Best nonce / hash found:
250707 000024A026D9AB5671B86FBA972B3A32B41CB69CA5DC43767B59AF5B7B8EA94A
Starting mining. Press ^C to exit.

Iteration: 465723, delta: 55

Text in "[...]" indicates edits. I removed repetitive output omitted for clarity, and added total run time whenever a better hash is found. As one might expect, the better the hash, the lower the probability of improving on it with subsequent hashes. Hence it takes longer and longer. As the hash rate is essentially constant, we can plot a graph of iteration number (a proxy for time) for each occasion a smaller hash is found.

Run Time for Each Improvement (Linear) - First Ten Hashes

 

Run Time for Each Improvement (Log)

 

The log graph appears to be roughly a straight line.

From the above, the best nonce / hash I found was:

Nonce: 250707 (decimal)

Hash: 000024A026D9AB5671B86FBA972B3A32B41CB69CA5DC43767B59AF5B7B8EA94A

For comparison, the hash that was used in the blockchain is:

Nonce: 2083236893 (decimal)

Hash: 000000000019d6689c085ae165831e934ff763ae46a2a6c172b3f1b60a8ce26f

 

I have not attempted to estimate how long it would take for my Z80 system to improve on this hash, but it would clearly be far longer than the current total run time (roughly five days).

Save File

BITCOIN.COM saves the current state and best nonce / hash found in a file, BITCOIN.SAV. The CP/M DUMP command can be used to display this file:

 

D>dir
D: ZX81     COM : ZX81ROM  BIN : GREEDGUL P   : HELLO    P
D: CHARSET  P   : TEST     P   : BITCOIN  COM : GG.SAV   P
D: BITCOIN  BAK : BITCOIN  SAV
D>a:dump bitcoin.sav

0000 C1 7B 29 00 01 00 00 00 00 00 00 00 00 00 00 00  .{).............
0010 00 00 00 00 00 00 00 00 00 00 00 00 00 00 00 00  ................
0020 00 00 00 00 00 00 00 00 3B A3 ED FD 7A 7B 12 B2  ........;...z{..
0030 7A C7 2C 3E 67 76 8F 61 7F C8 1B C3 88 8A 51 32  z.,>gv.a.....Q2
0040 3A 9F B8 AA 4B 1E 5E 4A 29 AB 5F 49 FF FF 00 1D  :...K.^J)._I....
0050 C1 7B 29 00 BA 73 90 26 B9 69 9A D7 FC E6 DA 01  .{)..s.&.i......
0060 13 19 6E 01 52 0C 87 A0 39 72 73 88 55 B8 42 00  ..n.R...9rs.U.B.
0070 00 00 07 3E DA 91 10 00 1A 1A 1A 1A 1A 1A 1A 1A  ...>............

D>

The file format is described in the PDF manual, included in the github repository (see link above).

CP/M File System Checker (fsck)

CP/M 2.2 is a very interesting historic operating system.

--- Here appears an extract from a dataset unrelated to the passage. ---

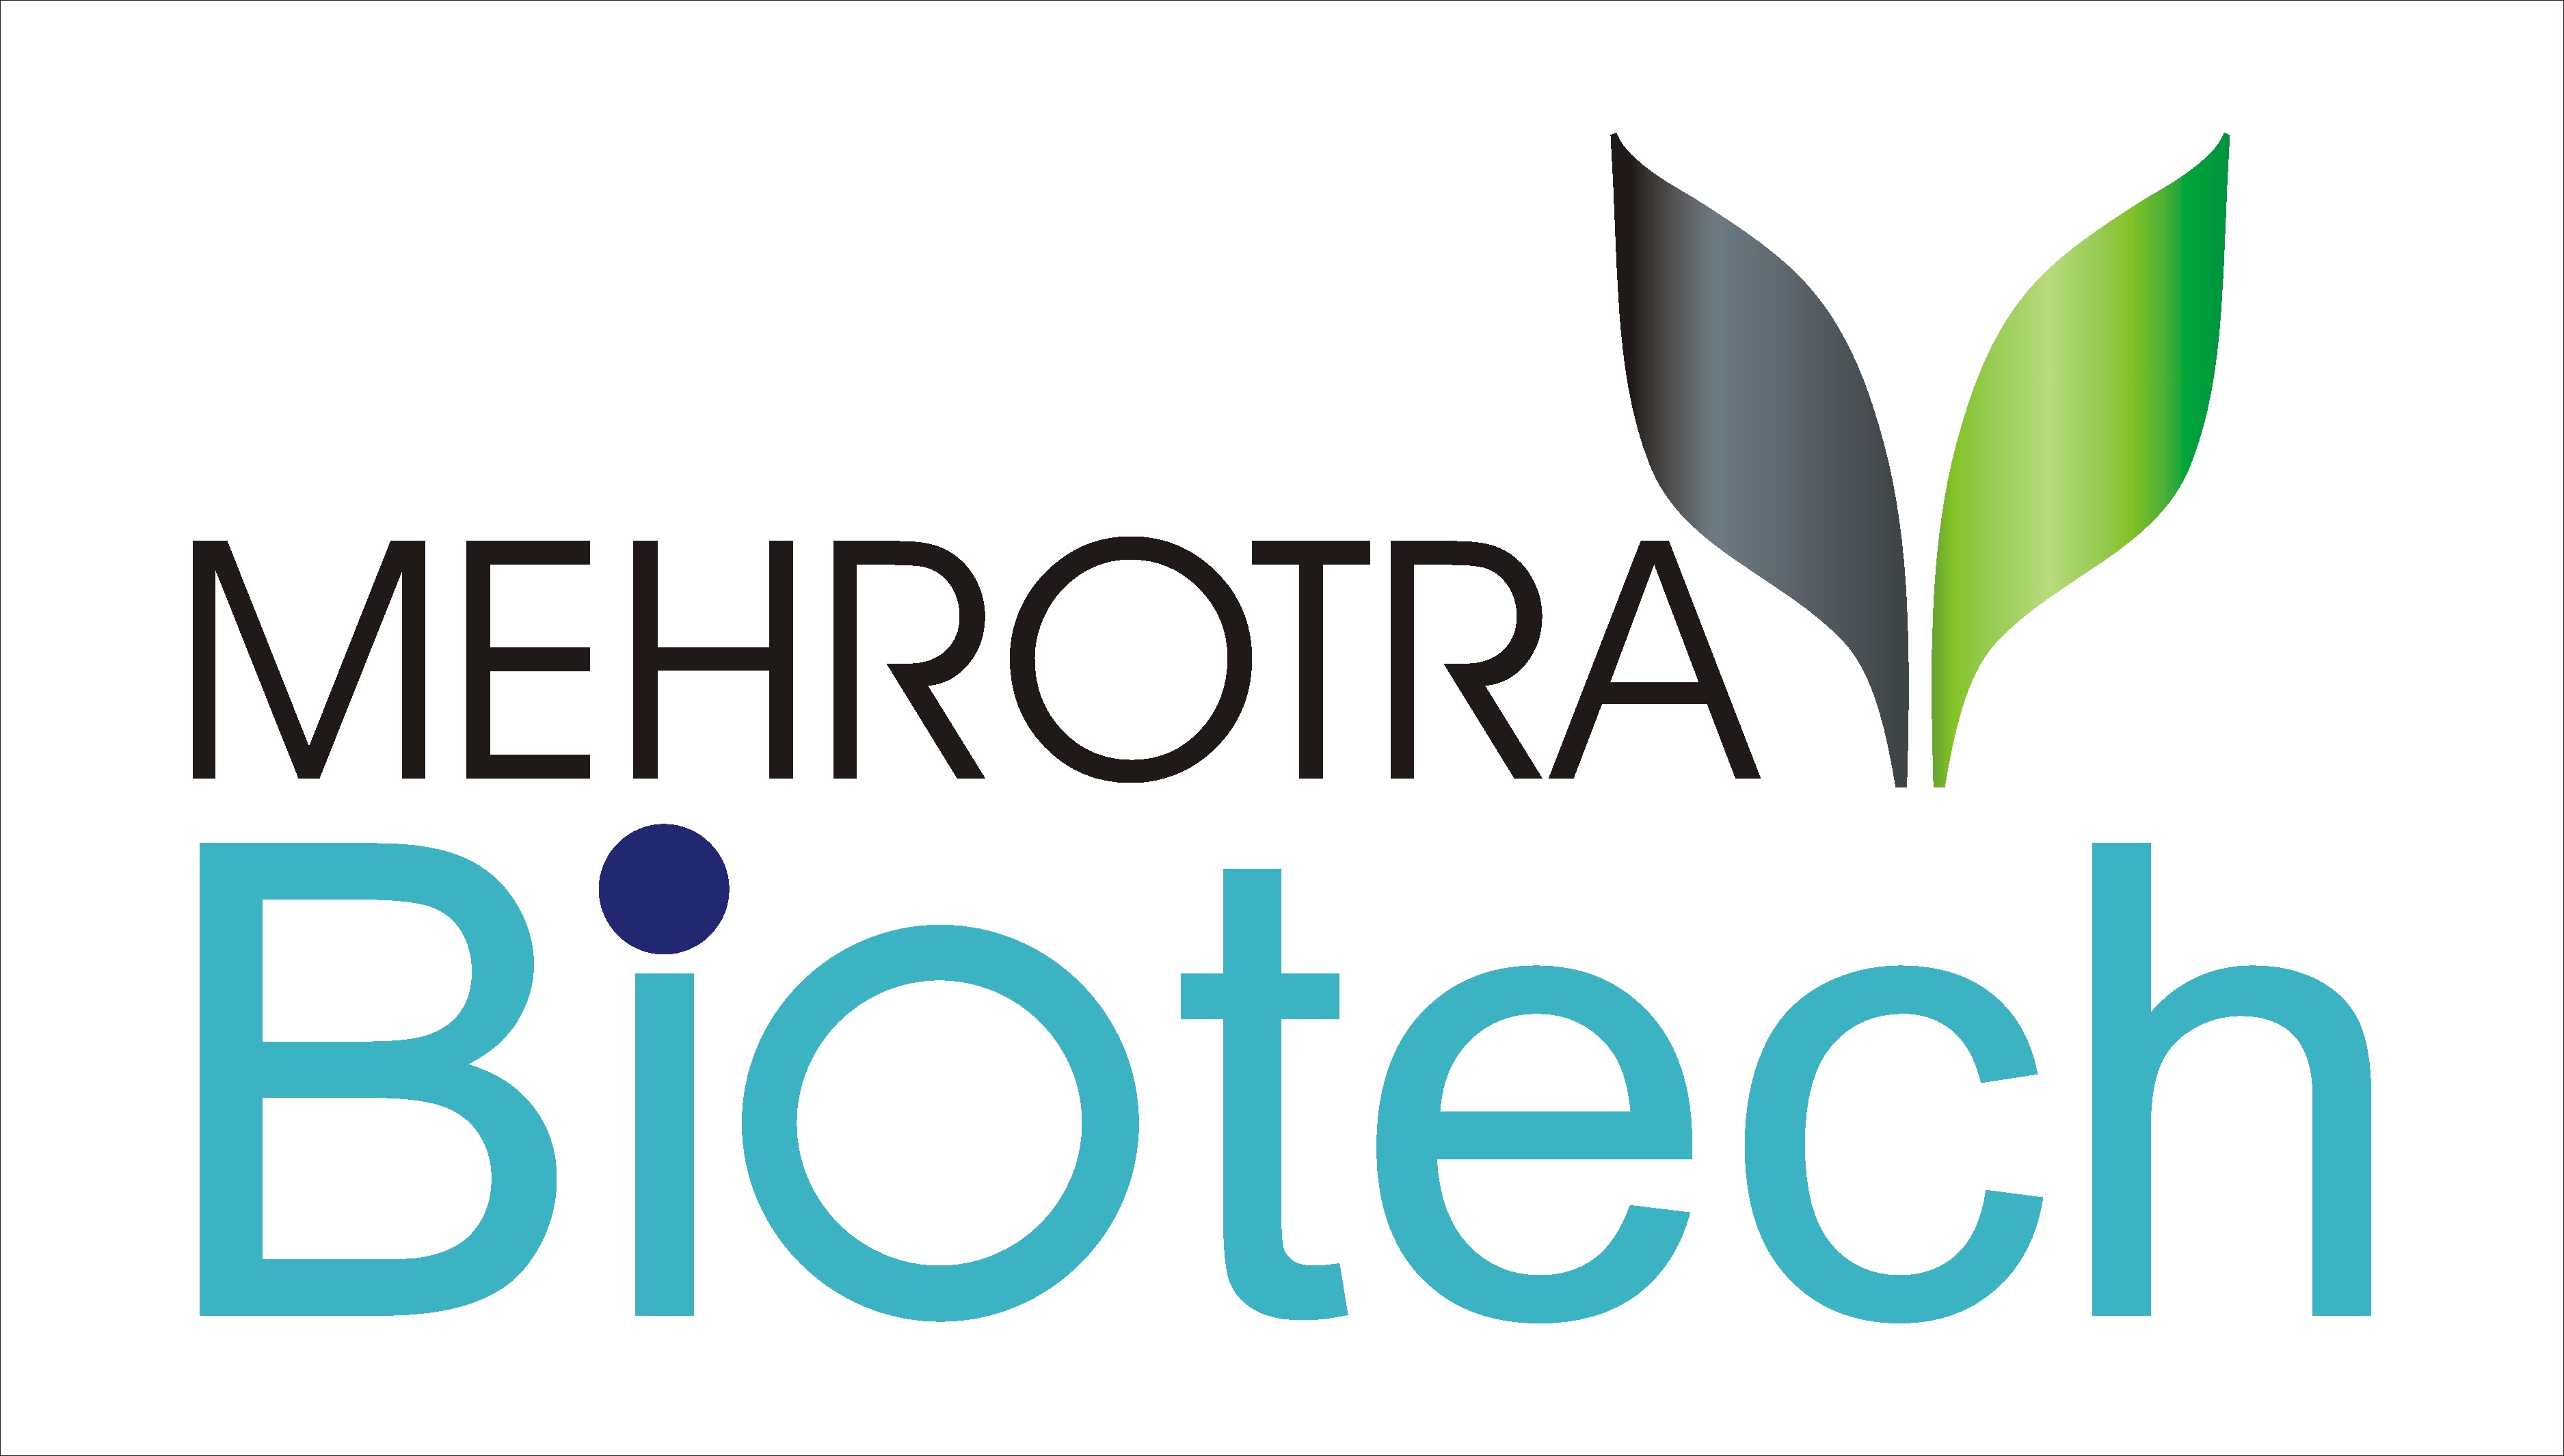 Mehrotra Biotech Pvt. Ltd.
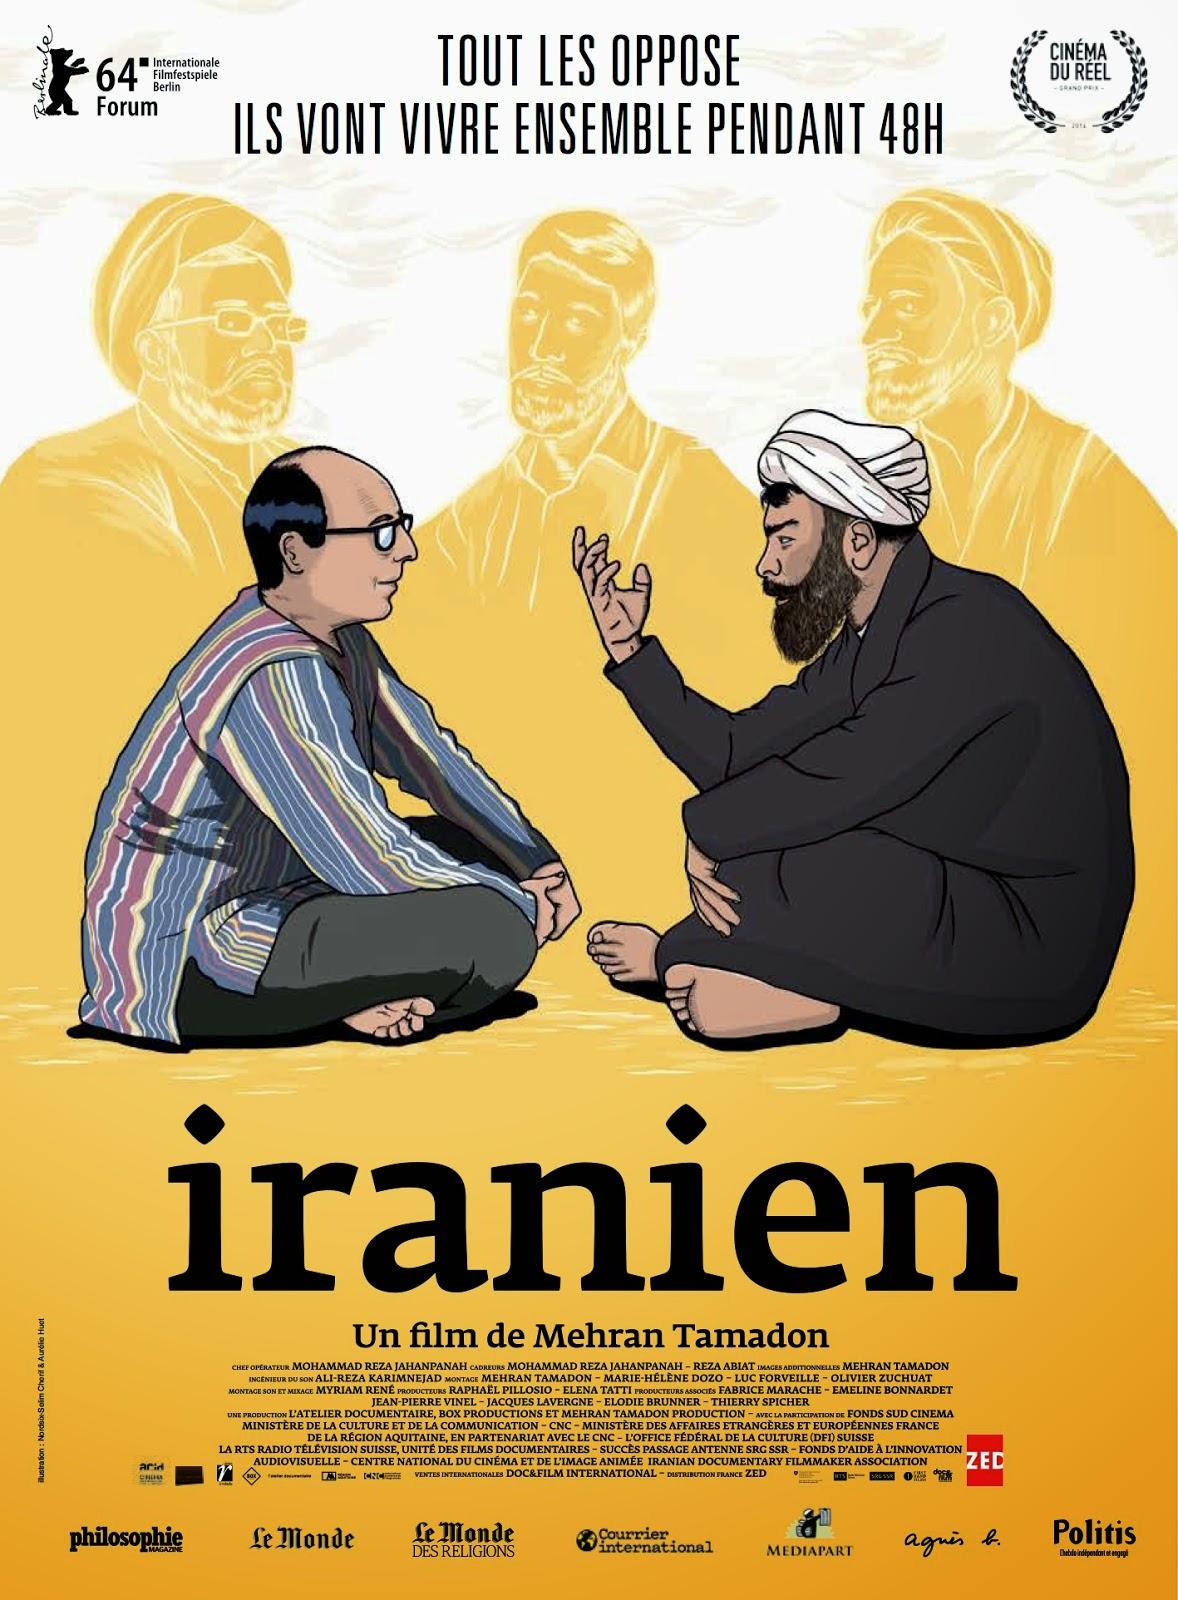 CINEMA: [ITW] Mehran Tamadon, réalisateur de Iranien (2014) / Mehran Tamadon, director of Iranian (2014)

Though very small (approximately 3.6 KB), it manages to achieve quite a lot in this space. Most of the benefits come from its filing system, which though extremely primitive by modern standards is still quite an advance on a "bare metal" machine. The disk format is relatively simple, but still offers file sizes of up to 8 MB - an almost unthinkable size for a machine with  a 64 KB addressing space! As I usually find with such things, there are complexities in the details. It did take me a while to get my head around "logical" versus "physical" extents, for example. Descriptions exist elsewhere on the internet, such as https://www.seasip.info/Cpm/format22.html

fsck

There are a number of ways in which the system could potentially become "confused", though I have not experienced this myself. It is possible for a block to become allocated to more than one file, for example. Some sort of file system checker seems desirable, broadly similar to "fsck" or "chkdsk". A search didn't reveal a suitable one, at least not for generic systems. Writing the CP/M BIOS for ZARC left me with a reasonable understanding of the disk format, so I had a go myself. The results are here: https://github.com/rundel-tech/ZARC/tree/main/software/cpm/cpm_dev/fsck

fsck checks each directory entry for the following errors:

• User number out of range (>15)
  
• Illegal (unprintable) characters in the file name or file type (any character <0x20 or >=0x7f)
  
• Extent count out of range (low byte >=32)
  
• S1 out of range (not zero)
• A file contains a duplicated physical extent
• Block number is out of range
  

Other errors detected are:

• "Sparse" files, i.e. ones with gaps in their allocations (warning)
  
• Physical extents with no allocations at all (warning)
• Record count should be 0x80 for all but the last extent.
• A block is allocated more than once

Note that sparse files are not actually illegal in CP/M, but they are somewhat unusual and so worth warning about.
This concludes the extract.